Towards nationally integrated research information ecosystems
A lot is happening currently in the field of research information management (RIM) at national levels. In her recent reports and blog post series, Rebecca Bryant observed that RIM practices in US research universities have taken a characteristically decentralized course, compared to countries in Europe and the Pacific Rim, where national research assessment requirements drive a more centralized approach.
In fact, several countries – including Australia, Canada, Portugal, Finland, Norway, the UK and the Netherlands – pursue a national policy to integrate their research information.
RIM integration refers to the rationalization of the creation of metadata about research activity and outcomes and the seamless and secure access to it by RIM stakeholders.

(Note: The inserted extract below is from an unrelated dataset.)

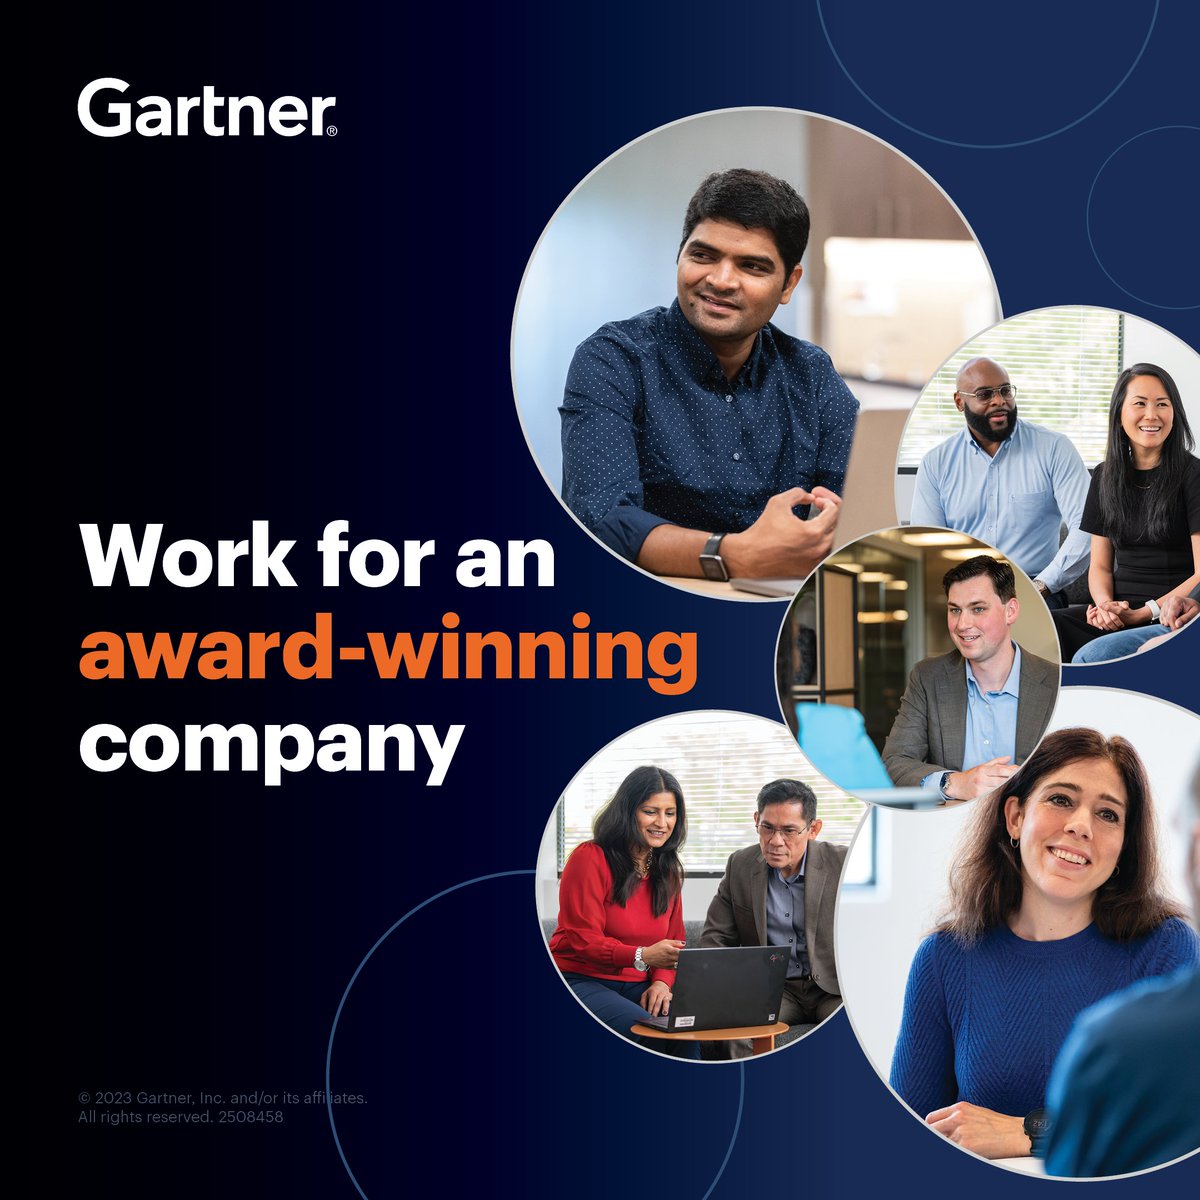 At Gartner, we guide leaders who shape the world, and each of our associates plays a vital role in our success. Learn more about our various accolades and what makes Gartner an employer of choice: gtnr.it/3QlpFmW

#LifeAtGartner #Awards

In other words, it is about making RIM data more interoperable to allow for easy aggregation.
It should help promote national scientific excellence and lead to greater national and international visibility. It also has many potential practical benefits, such as:
- a reduction of administrative burden for researchers;
- better analytics and business insight for national policymakers and research funders;
- efficiency gains with streamlined metadata flows between all stakeholders involved.
Persistent identifiers as the underpinning infrastructure
If RIM integration is to be achieved through the adoption of a framework of authoritative, interconnected, consistent, complete, reliable, timely and openly available metadata about public-funded research, then persistent identifiers (PIDs) must be considered key components of this framework. To better understand the thinking behind the centrality of PIDs in current RIM integration efforts, it is worth expanding on the notion of the “PID Graph”.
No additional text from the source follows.